Dominus came to mind–thank the Fog his old friend still lived. Then the others, the members of his pentacrus, the men he’d trained with, their small triumphs in the field, the wonder and adventure they’d shared on the march north.
Lysa would love these birds, Avigon had told him in the forest, speaking of his sister.
Snatched a tooth from the panther Frost caught. My daughter has a whole necklace full, Gnost had told him at a campfire, smiling wistfully, turning the tooth in his hand. Memories came by the dozen, flashes of conversation, forgotten moments. Horus laughing over a poor joke until his drink had sprayed through his nose. Meric was shaking his head, denying it all. The grief was more real than the pool and the forest around him.
“Let them go,” Meliai whispered, a voice in the darkness.
Meric wept. He couldn’t stop it. He wept even as it shamed him. A wall collapsed in his mind, and then he did not care. Meliai whispered about his friends and the Goddess and his captivity and all things lost, and she screamed to let it go and thrust him back into the water. He hit the pool’s surface unresisting, floating there, spread-eagled. Time broke, each moment a dimensionless rift between past and present. Then Meliai raised him again with a hand on his back and told him to say the ancient word.

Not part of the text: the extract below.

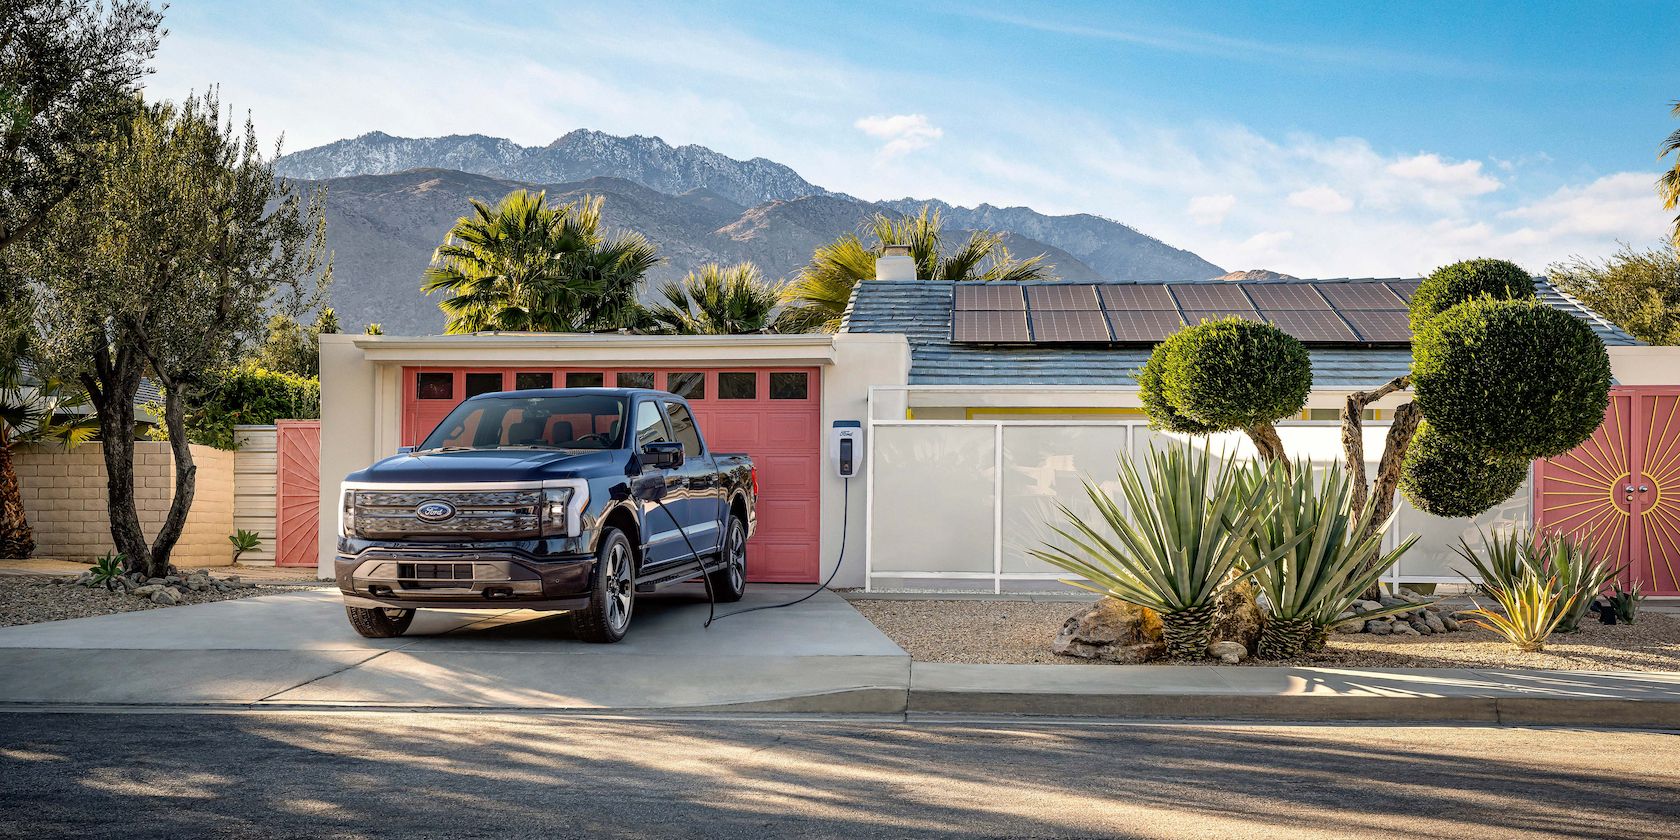 F-150 Lightning attached to a house with solar panels.

He said it and stood shivering, blinking at her through the rivulets of water and tears.
“Good. Some of the madness has drained into the water,” Meliai said. For a moment he did not see her as a savage. Only then could he admit, for the first time, how indescribably beautiful she was.
*
Trajan visited him the next day. Meric was sitting with his memories and his melancholy in the darkened cabin, his grief lessened yet more tangible, when the savage-king opened the door. He was wearing his silver shades again.

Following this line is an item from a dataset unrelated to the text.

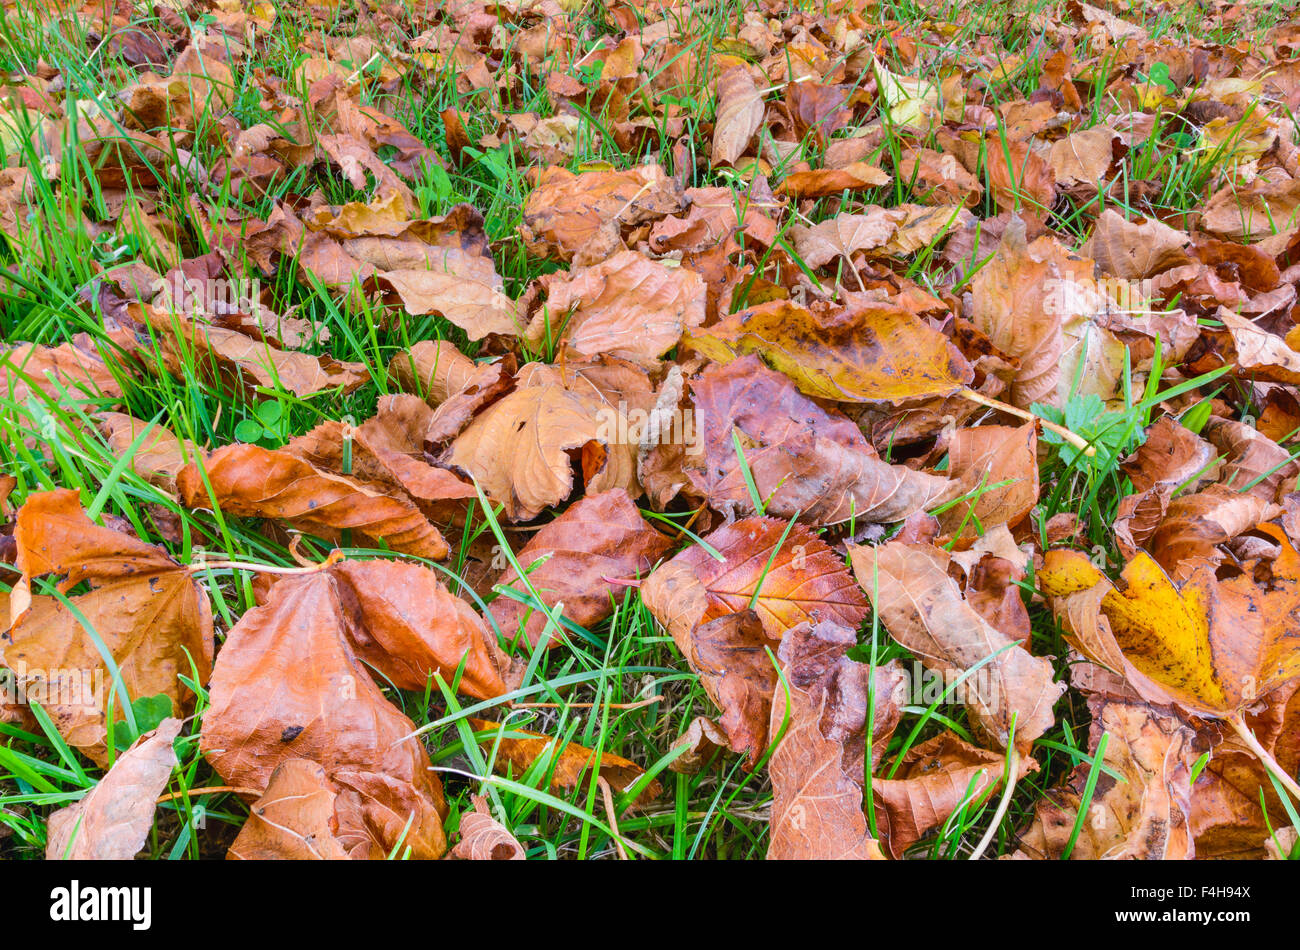 Autumn leaves laying on the ground after falling off trees. Stock Photo

“Come. We’re going to break your mind,” Trajan said.
If Meric’s feelings had softened toward Meli
ai and Diodorus, it was not so with the savage-king. Maybe some of the savages really weren’t so different from Plebians, but that only made Trajan worse, as he was manipulating them, directing evil works against the Plutarchs.

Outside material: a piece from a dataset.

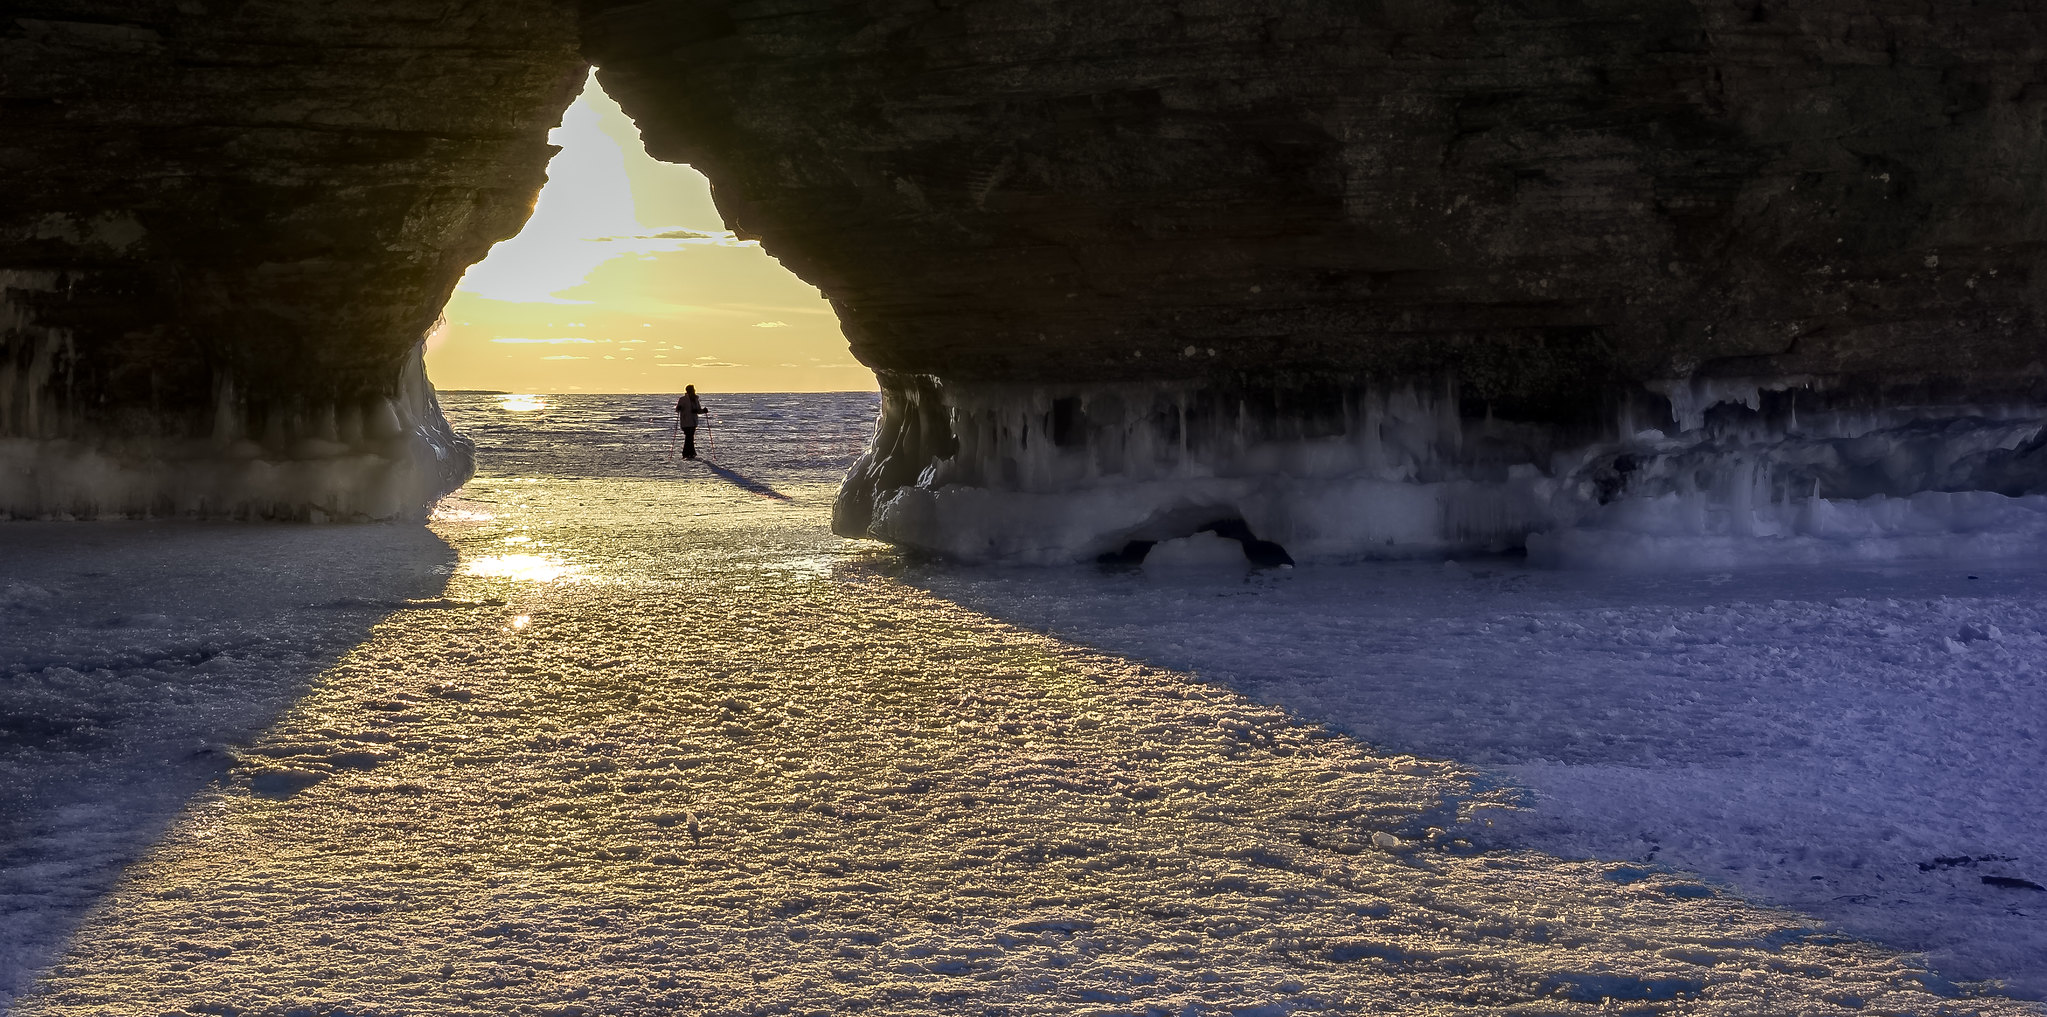 A person is visible in the distance standing between an archway surrounded by frozen surface.

“I think I know why you wear those,” Meric said, indicating the sunglasses. “You can only work the magic for your silver-eyes a little while at a time.”
Trajan laughed.
“When it comes to denial, the mind is endlessly inventive. If only you’d put those efforts toward revolution instead. The color of my eyes makes my people uneasy. They believe me a sorcerer, and they’re reluctant to look at me without the glasses. Now let’s go. As I said, we must break your mind.”
“That sounds really helpful, but I’m a little busy at the moment,” Meric said, looking around the empty cabin.
“Is that a trace of humor? That’s new. Have you ever broken a bone, Meric?”
“What does that matter?”
“I’ll take that as a yes. But I suppose you just went to a Bathhouse to get fixed up, am I right? Well, if you’d broken one out here, you’d know that it has to set properly to heal. If it sets wrong, it has to be re-broken, else it will never be straight. The mind is no different, Meric. The Plutarchs broke your mind when you were young. If you’re ever going to think straight, we must re-break it to set your thoughts on the proper path. Only then will the healing begin.”
“Right. How do you plan to do that?” Meric asked.
“I’ve already told you. Truth. Sharper than any scalpel. More bitter than any pill. A painful surgery, but it must be done. Come. There is something I must attend to regardless. We’ll catch two fish with one net, as they say.”
Meric hesitated. A movement behind Trajan caught his eye. Meliai.
“My daughter insists on joining us,” Trajan said, gesturing over his shoulder.
Meric’s eyes widened.
“Daughter?”
*
Six more savages fell in with Meric, Trajan, and Meliai as they walked. Nog was among them. He hailed Meric good-naturedly. His squirrel poked its head out of his pack, wrinkled its nose, and darted back under cover. Meric glanced back at Meliai.